Two hours later, sweat ran in rivulets down his back. Matt pulled off his T-shirt, wiped his face with it then tossed it aside. Webb and Jonah soon followed. The rhythm of their falling axes echoed through the trees without pause. Chopping wood drove home how sore he really was but he’d never let his buddies know it. They knew, or they wouldn’t be here, helping out.

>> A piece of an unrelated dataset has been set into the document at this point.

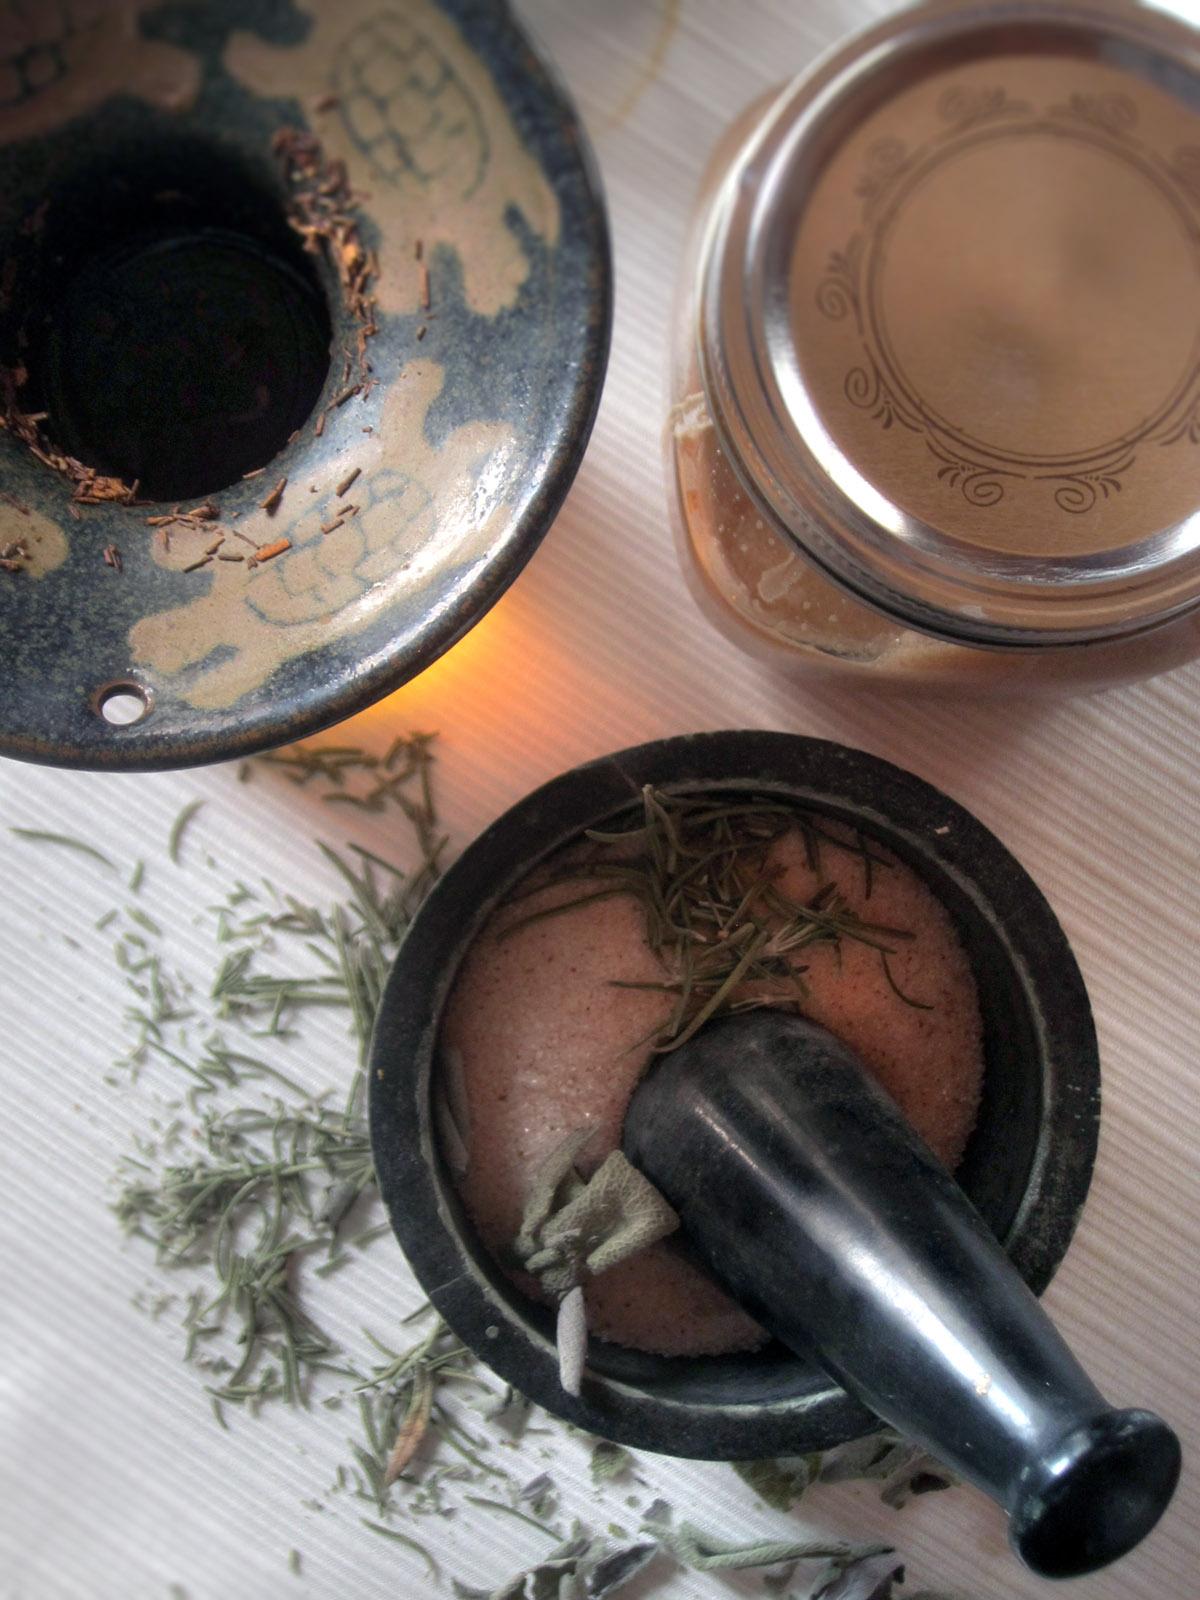 Salt Scrub - Jars and Ingredients (close up)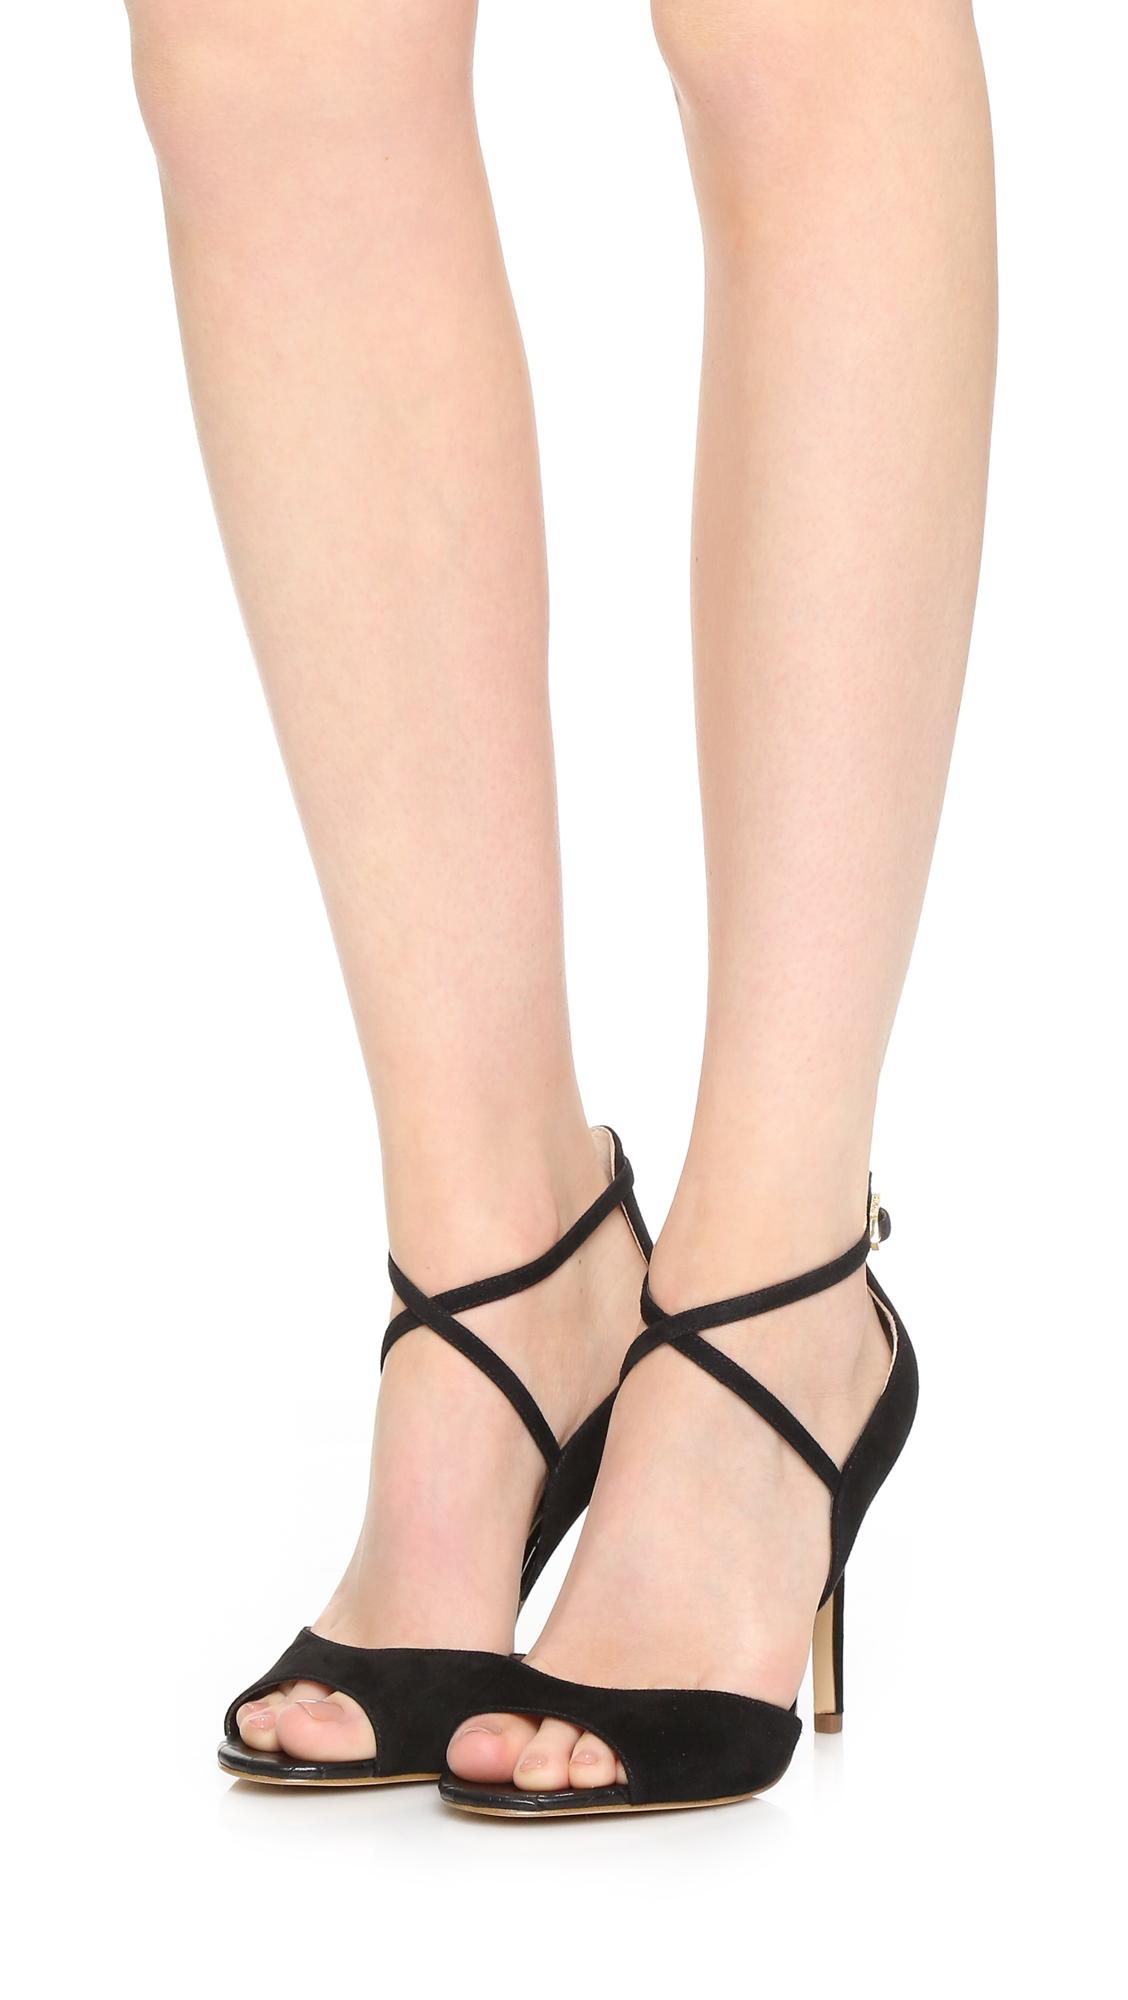 Womens Sam Edelman Women's Audrey Dress Sandal For Sale Online Size 38

“Here we have three prime examples of the Common American Redneck in their native setting.” Molly’s narrating voice teased from the road, where she and Kayla leaned on her car, fanning their faces exaggeratedly. “You can see why the subspecies name is Hottie Americanus. Note the typical dirty jeans drawing attention to the tight posterior, the lack of shirts to flaunt the rigid abdominals and the casual display of muscular brute force.”
“I do see,” Kayla said in a bland tone that didn’t match her sparkling eyes. “I bring to your attention the example on the left. Although he’s supremely suited to the environment, his coloring is off, showing a marked battle with the forces of nature. That he remains standing is a true testament to his stubborn temperament.”
Molly’s lip quivered but she kept her voice cool. “Noted. If these animals remain true to form, now that a female member of the species has been spotted, a display of prowess should follow.”